What are your opinions regarding those two?

Lib-tech STRAIGHT SCIENCE BIB Vs Ak freebird Bib

Which one is best and what advantages and disadvantages each one?
Happy trails


----------



## stickz (Feb 6, 2013)

My bonafire bibs are so sick. 30k/30k make out of cotton. Not insulated but heavy material that keeps your core and legs really warm. They are thick like carhartts. I've never had to wear anything else on my legs in the pnw. A lot of the time The vents are fully open and they do have mesh which I like in pant vents. Also have cargo pockets which are large, waterproof and are at a perfect height where your not having to bend to get to them. They have a really nice boot hook that has never failed. Only problem is they run long and have a little tear from when I'm walking in them, but I'm having my dry cleaner take an inch or so out the length this year. Had them 3 seasons now and they look brand new. I do wash them with nikwax once a week along with my ak jacket. This keeps the pants and coat from getting dirty and me getting wet. I also love the pocket on the top of the bibs that covers your chest. It's perfect for cash or debit card and your key fab. And the best part is I got them on the cheap for $175 bucks on a end of the year sale. I've never been even damp in these even on the wettest days. I do have 2 button ak jackets and will never buy anything else. They are amazing. Breath great, look great, and are very tough jackets. I just picked up a 2015 with 60g of insulation for your core only and its hands down my favorite coat of all time. I'll be buying all bibs once I replace the bonafires. Burton goretex is imho the best value for your dollar. The new jacket has some sick powder cuffs that don't have a thumb hole(I hate them) which is my fav new feature of that jacket.


----------



## snowklinger (Aug 30, 2011)

Volcom GTX bib ftw.


----------



## txb0115 (Sep 20, 2015)

Burton Feebird... Better venting, better breathability ( no lining like Volcom ), easier to get into, and since its AK it has lifetime warranty.. 
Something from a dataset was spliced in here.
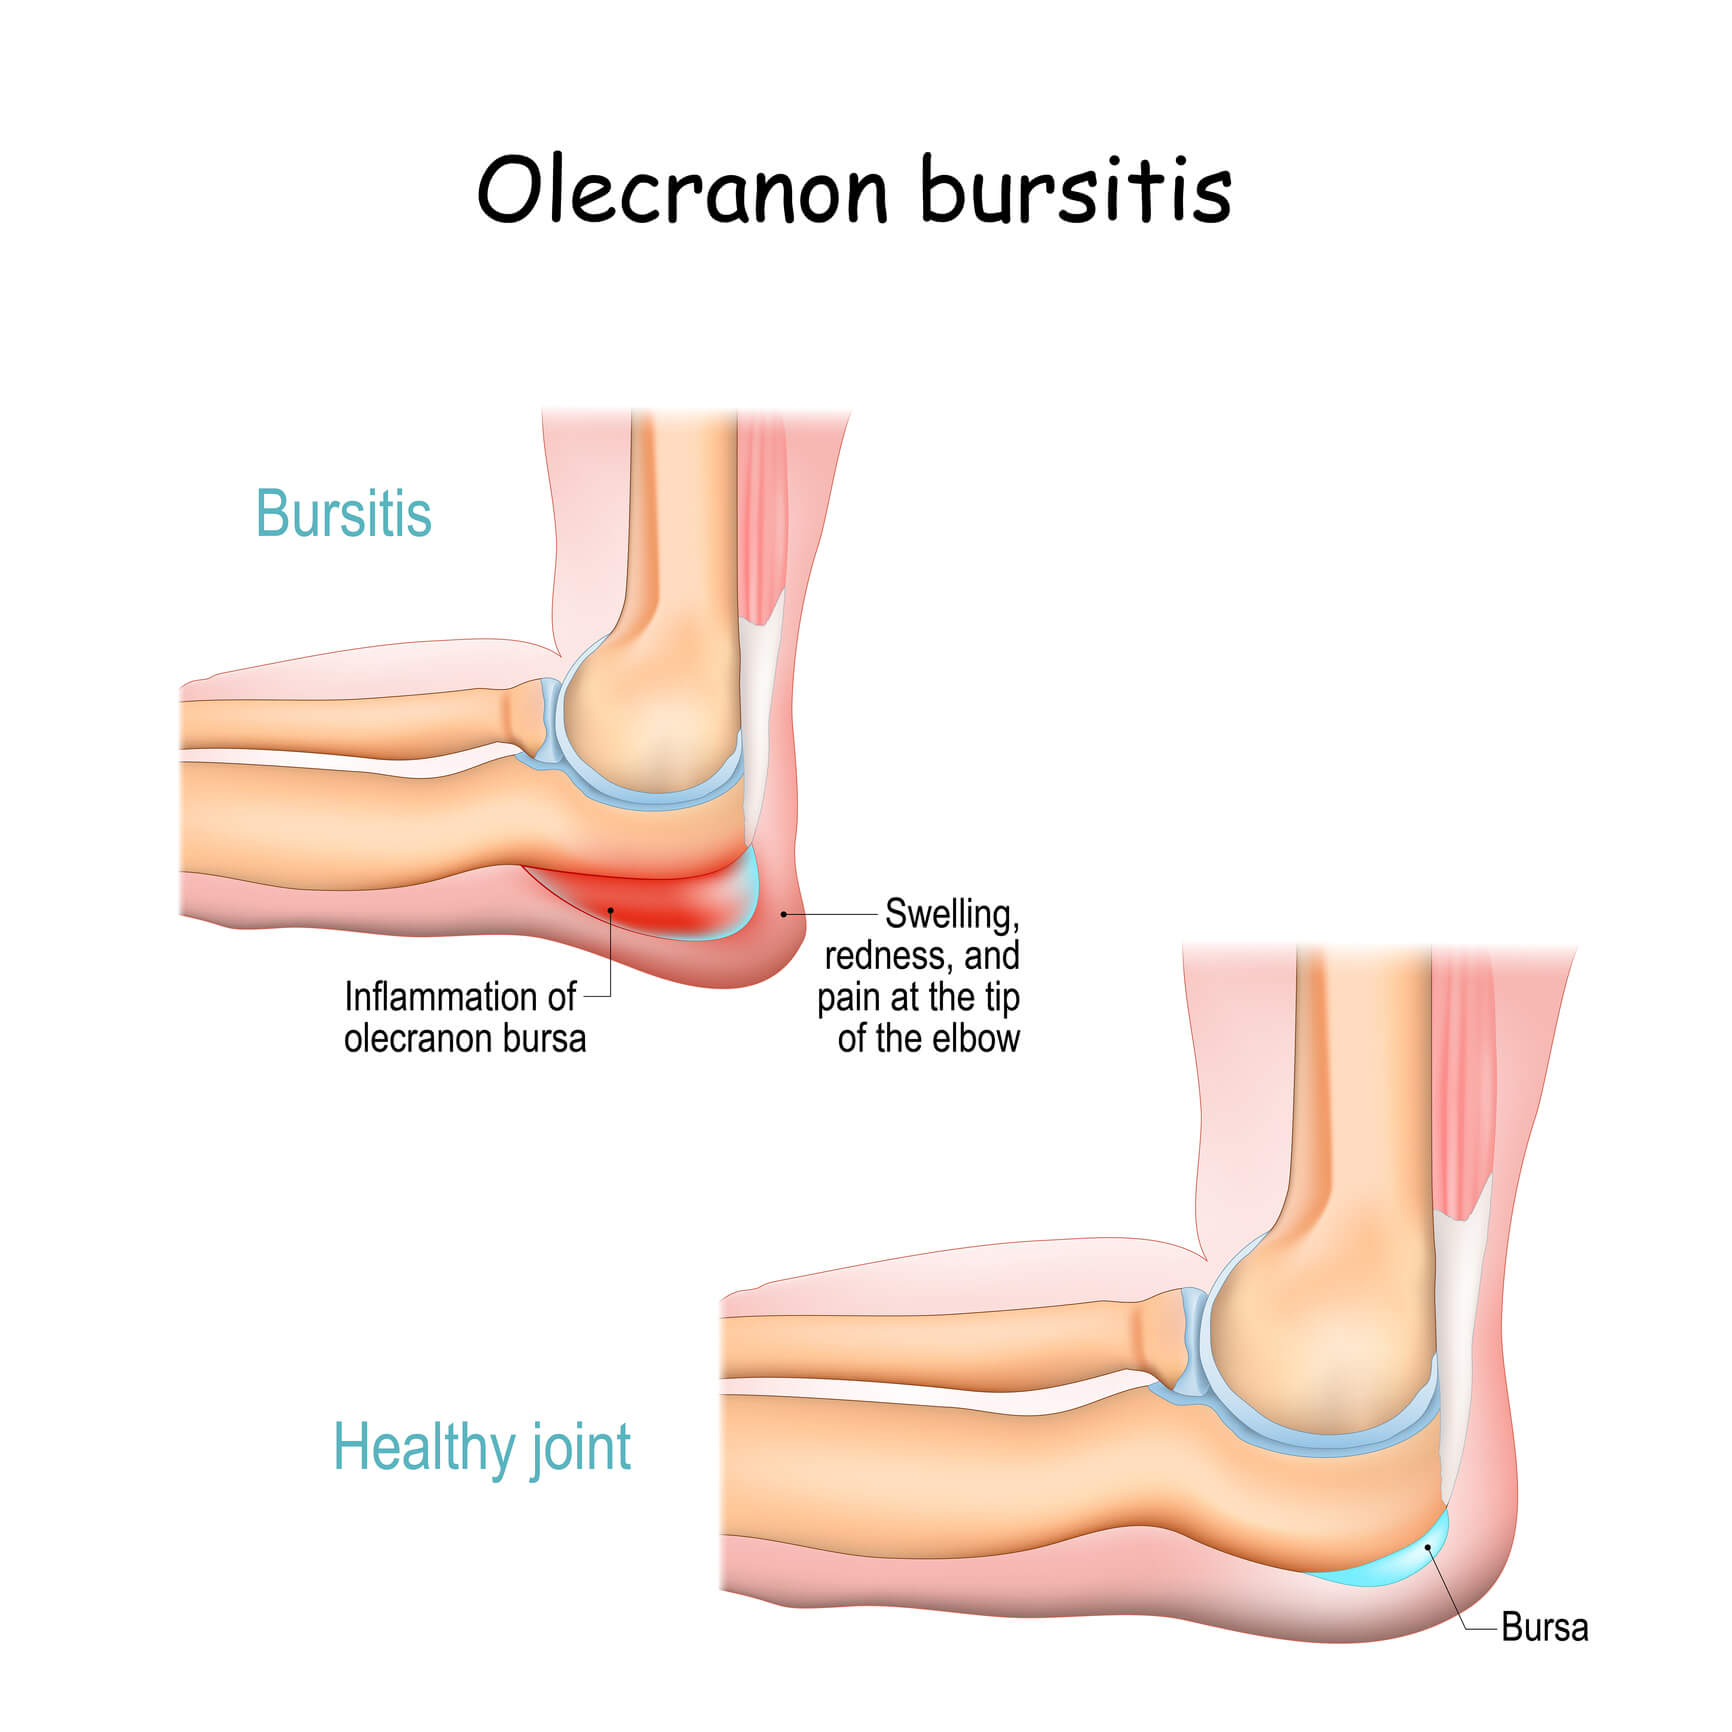 Image of an elbow affected by olecranon bursitis
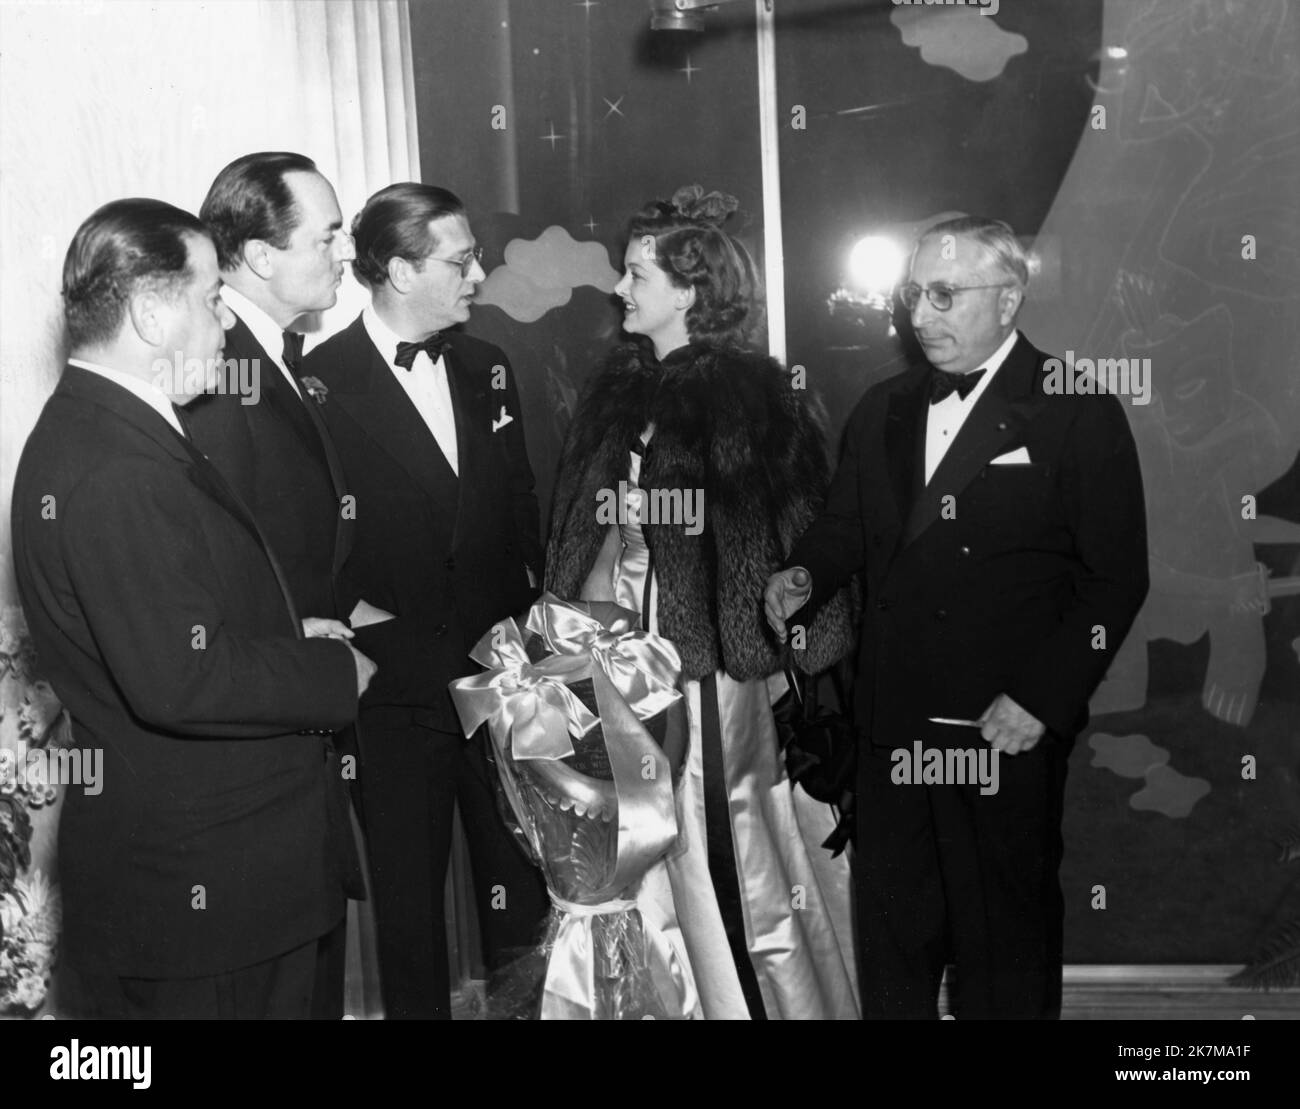 CHARLES P. SKOURAS WILLIAM POWELL HUNT STROMBERG MYRNA LOY and LOUIS B. MAYER at the Inglewood, Hollywood Premiere of ANOTHER THIN MAN 1939 director W.S. VAN DYKE based on an original story by Dashiell Hammett producer Hunt Stromberg Metro Goldwyn Mayer Stock Photo

Volcoms have just a shitty little 3-4 inch zipper on the side, it doesn't really help you to get in.. 

I've had both and while the Volcom bibs are not a bad product, the Burtons really are much better...


----------



## Neversummer85 (Oct 21, 2015)

I have a libtech wayne and a dakine beacon.... The libtech is insulated while the dakine is not. Both very nice 20k/20k but i personally like the feel of the libtech better. More loose natural board feel. The dakine feels more like a ski pant. I believe they can both be had in the $300 range unless you find some leftovers from last year.


----------



## Oldman (Mar 7, 2012)

On the right days, colder ones usually, I sport a pair of Flylow Baker bib pants. 20 / 20 with all the right features. Nice Cordura knee and cuff reinforcements, inside vent zips.

The only thing I wish they had is full length outside zips. The zips only go from waist to mid knee. All the way down to the cuff like on the Magnum BC pant would have been nice.

But for those days when I want a little more warmth front and back they do a great job. They also do a great job of preventing any pow from getting in.

Nothing beats warm and dry. :snowboard4:


----------



## Triple8Sol (Nov 24, 2008)

txb0115 said:


> Volcoms have just a shitty little 3-4 inch zipper on the side, it doesn't really help you to get in..


Agreed, terrible design. They fit fine once you squeeze in, but really awkward to get in/out of.

I ended up getting these Lib ones last year and love them. 45k/25k too.


----------